■ What to produce: From the line containing "Smartwatch, Stylus, AirPods" to the line containing "ilha-de-mozambique-restaurants" in the records below, set down every line exactly as it stands, both ends included, and skip the pictures.

■ Data extracts:
──────────

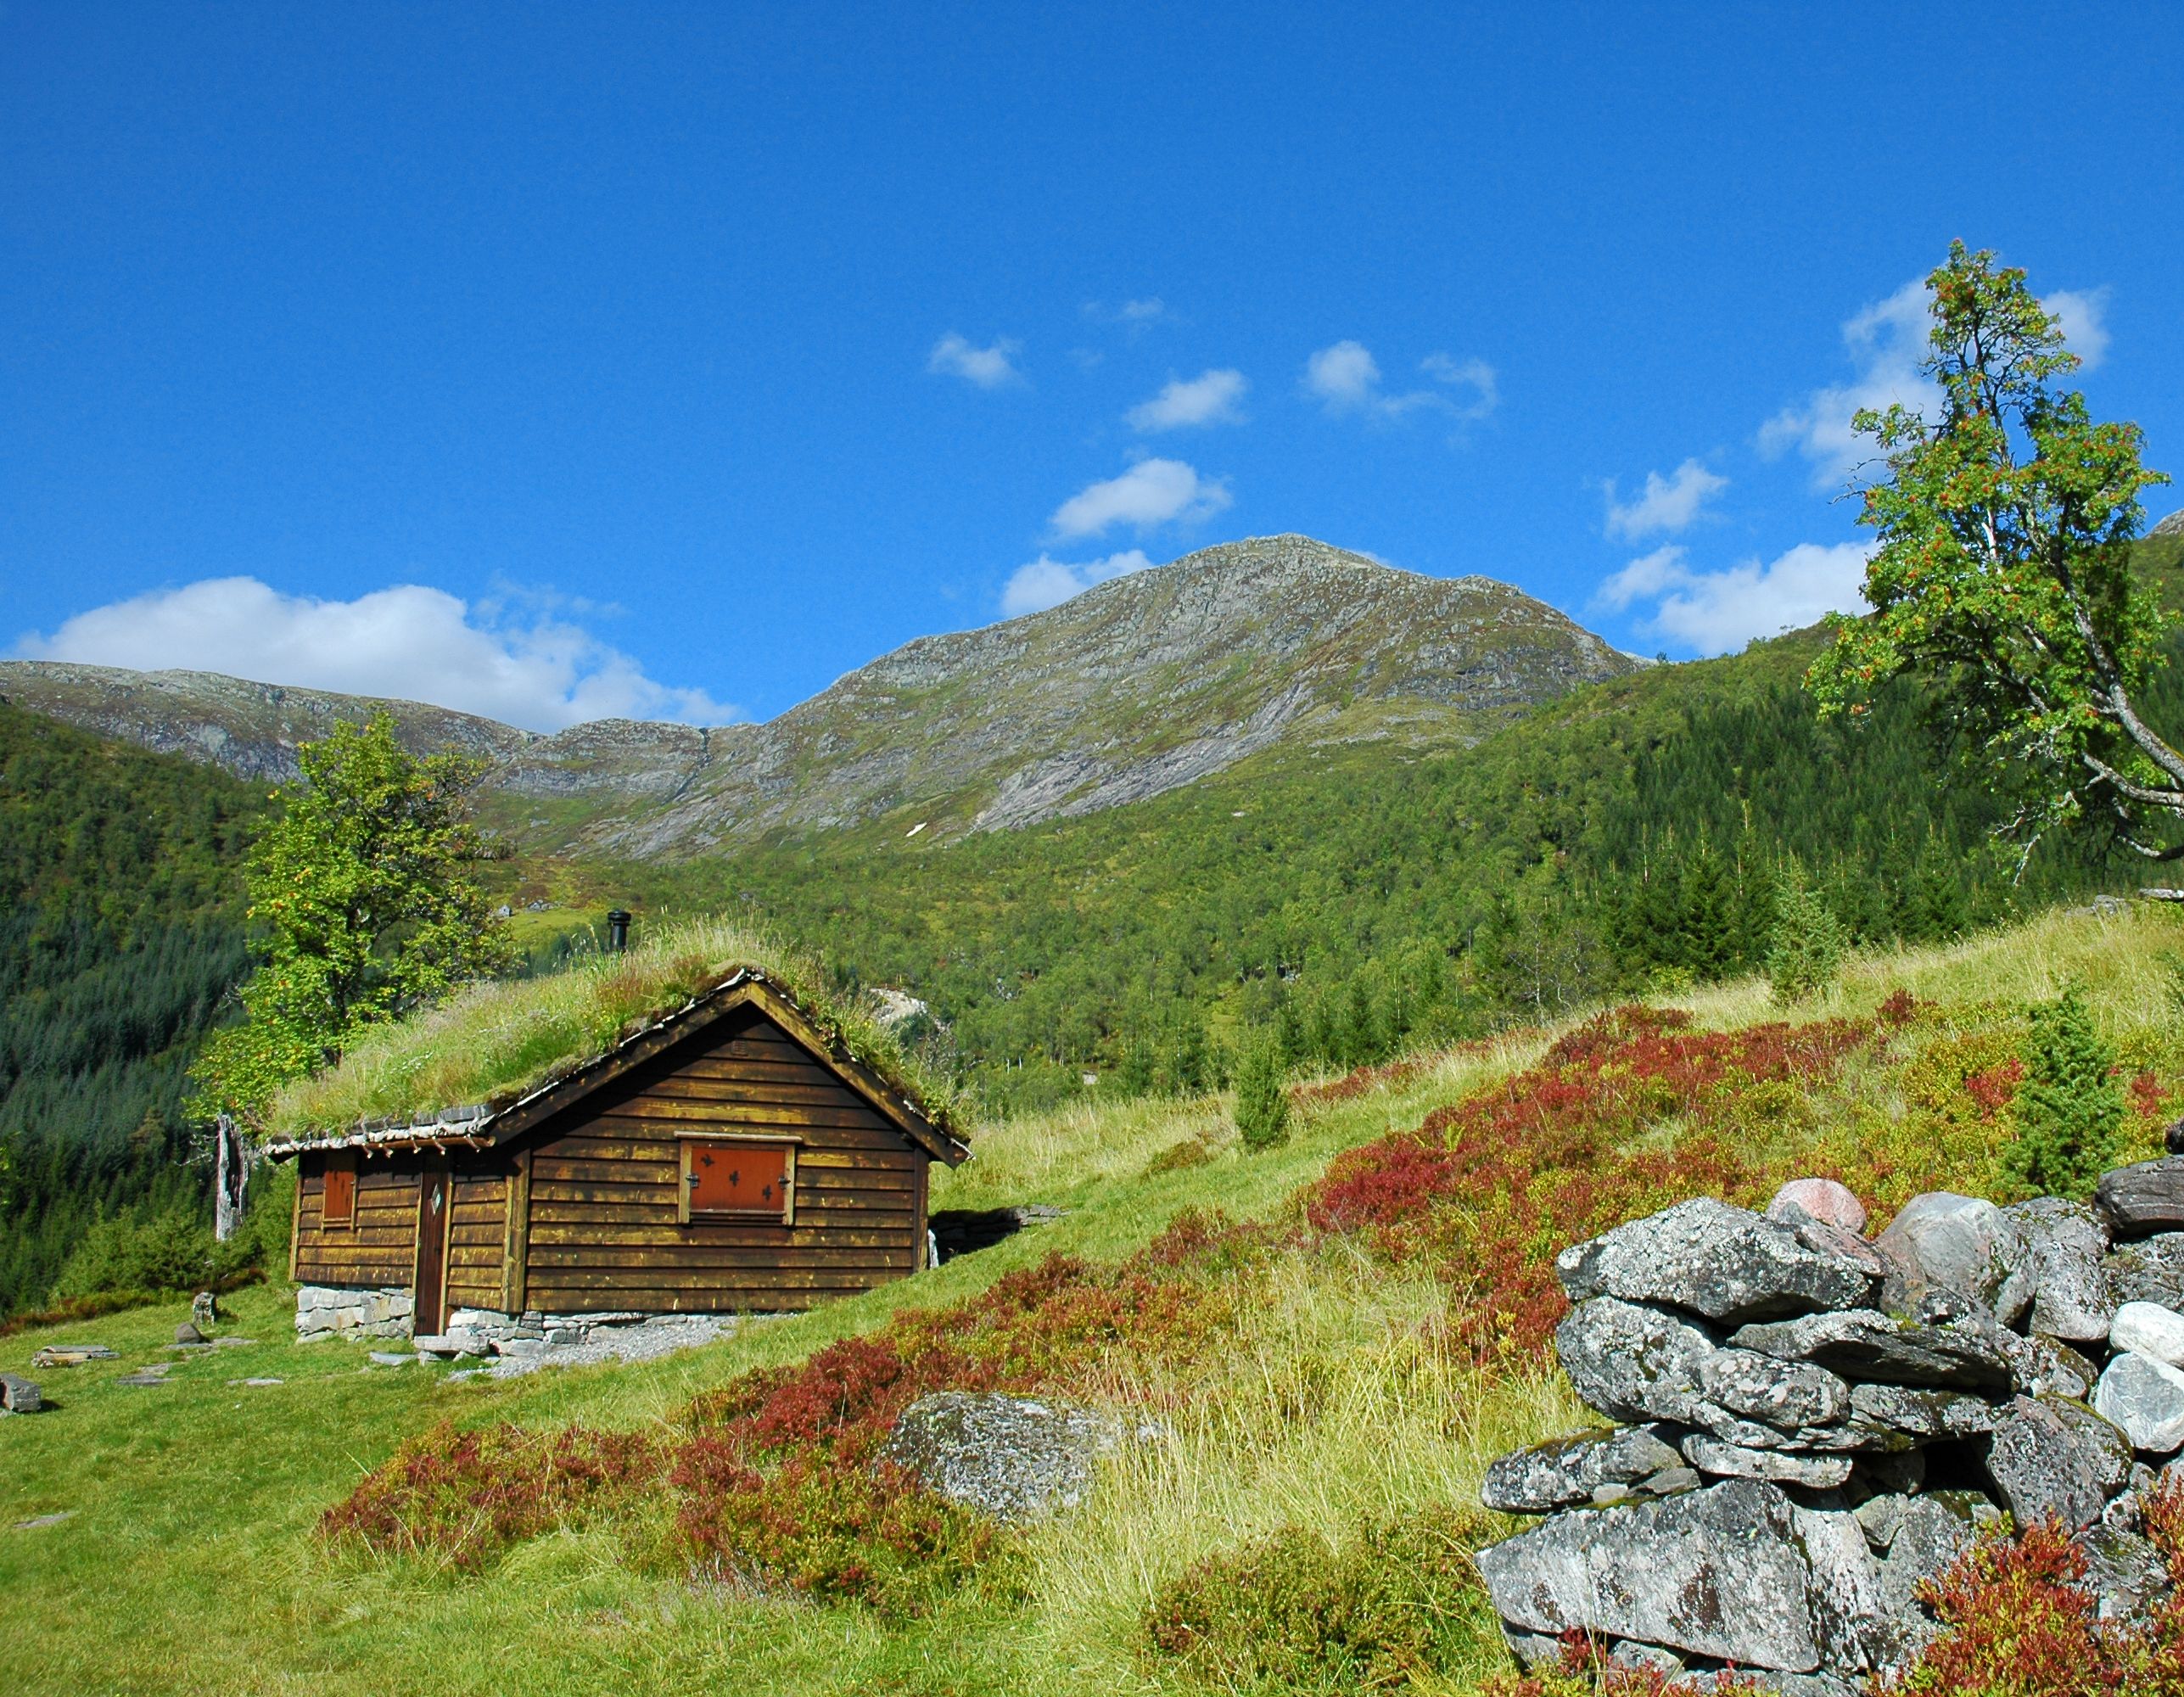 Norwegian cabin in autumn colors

──────────

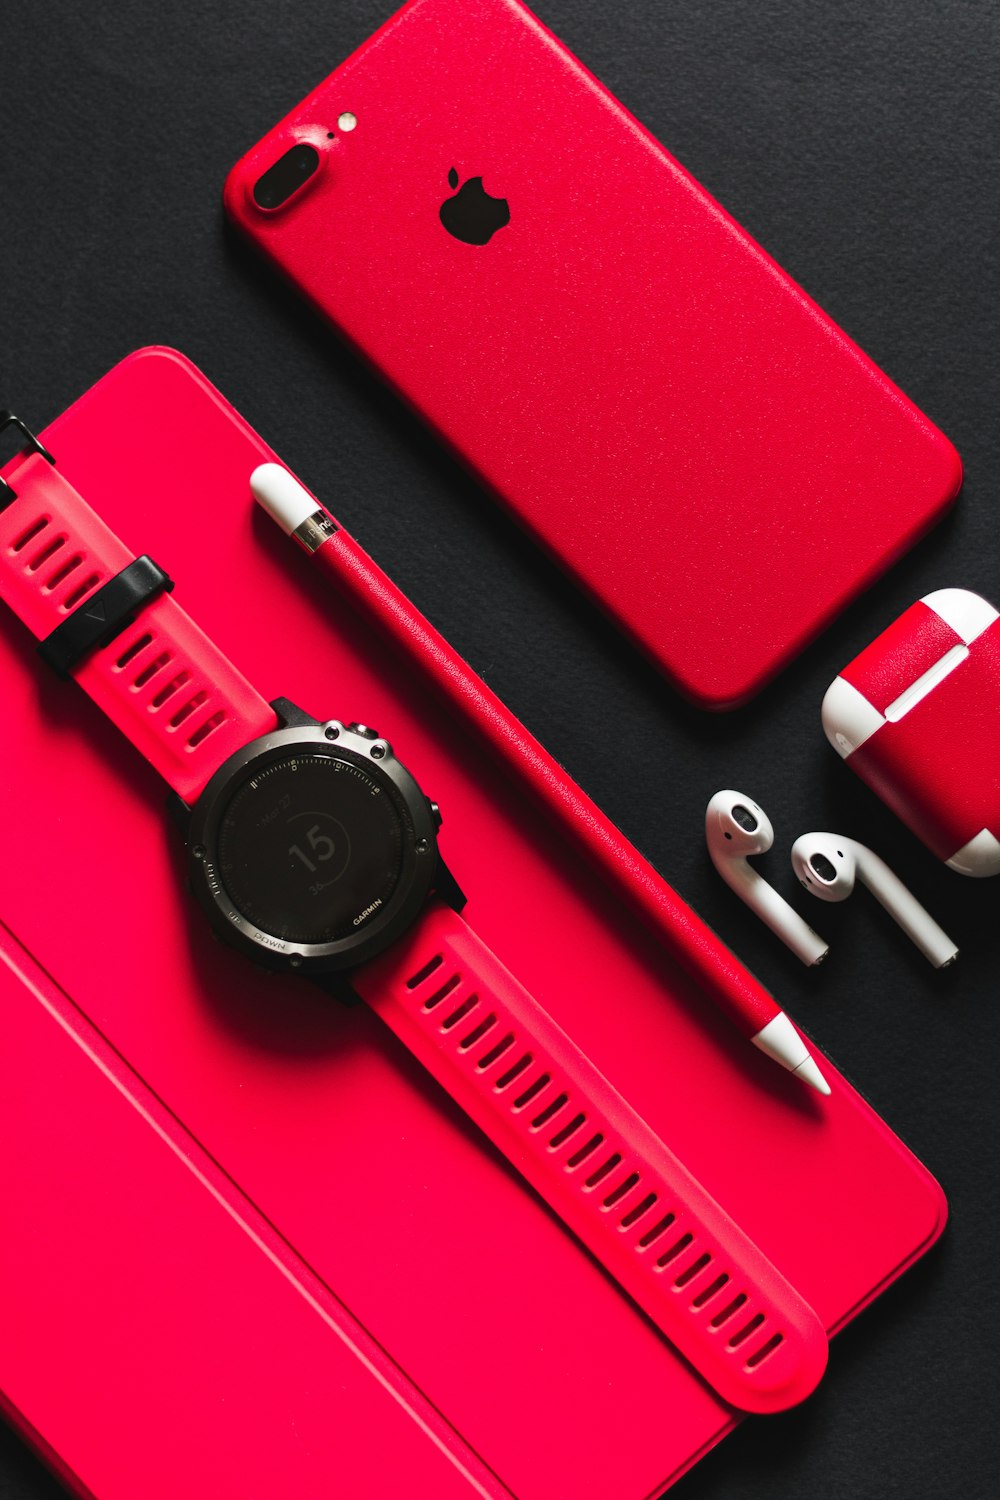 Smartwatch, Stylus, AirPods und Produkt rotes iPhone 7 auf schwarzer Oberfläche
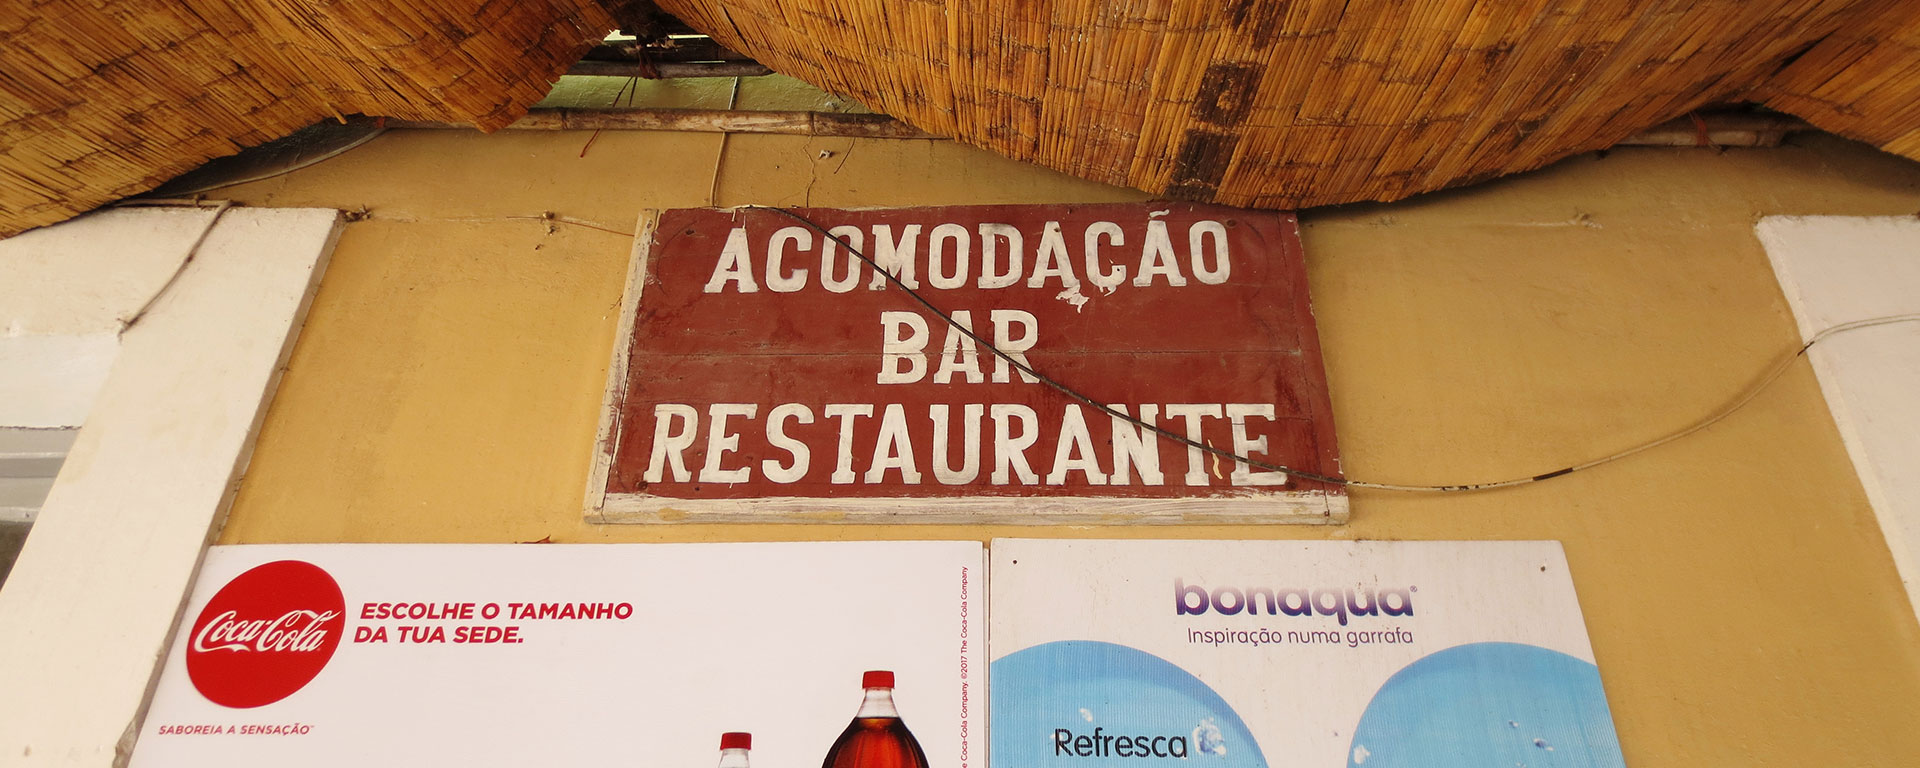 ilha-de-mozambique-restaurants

──────────

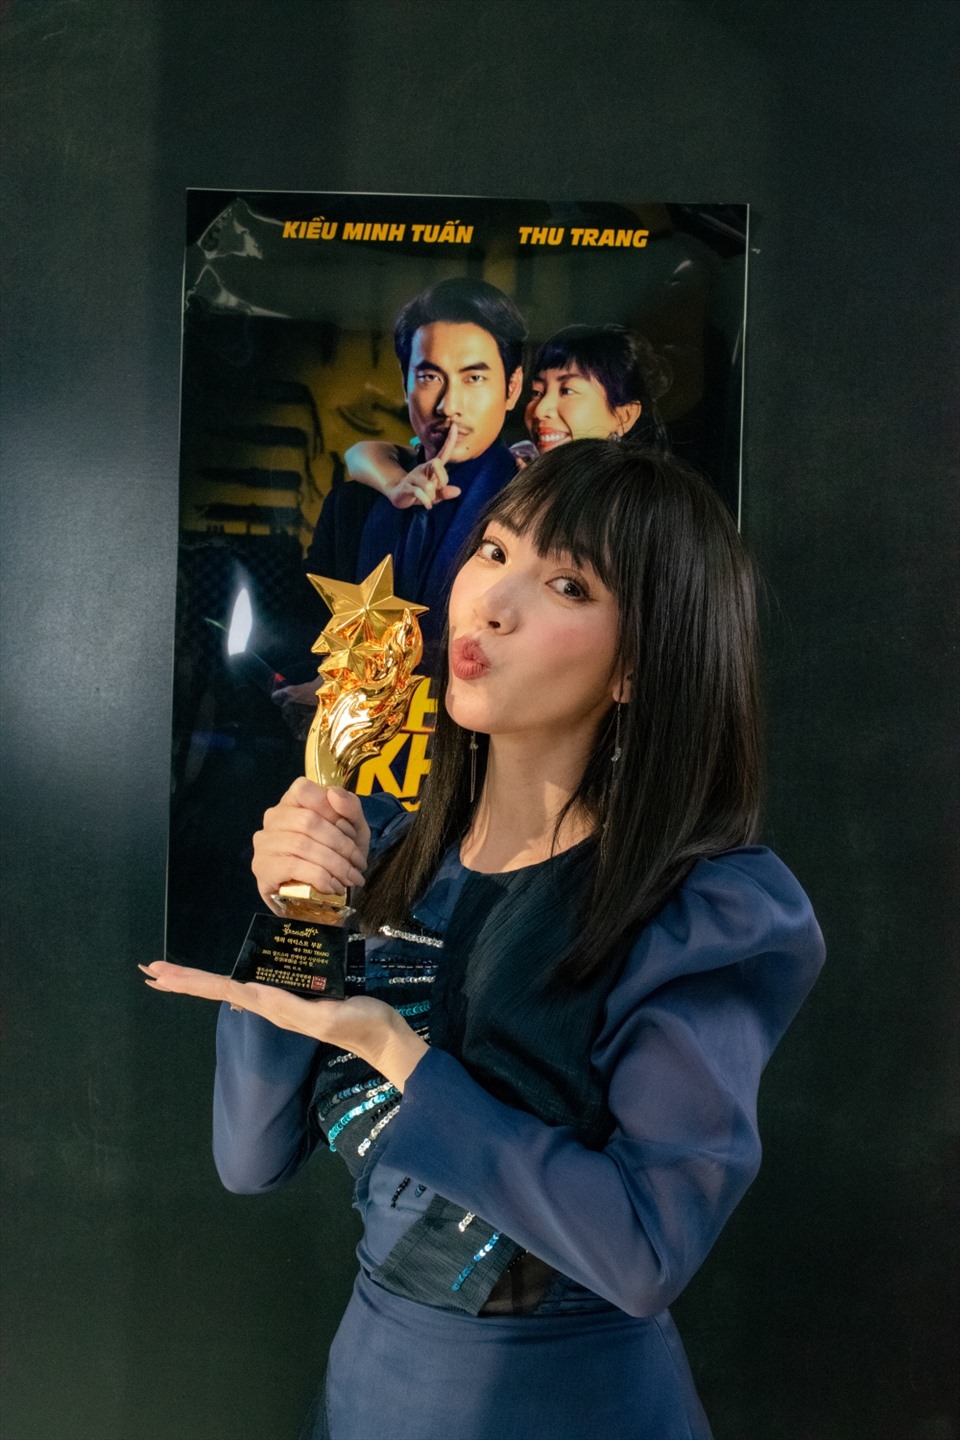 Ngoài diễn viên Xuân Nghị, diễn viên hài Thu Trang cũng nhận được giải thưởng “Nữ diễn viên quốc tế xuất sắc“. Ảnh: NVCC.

──────────

■ Problem solution:
 Smartwatch, Stylus, AirPods und Produkt rotes iPhone 7 auf schwarzer Oberfläche
 ilha-de-mozambique-restaurants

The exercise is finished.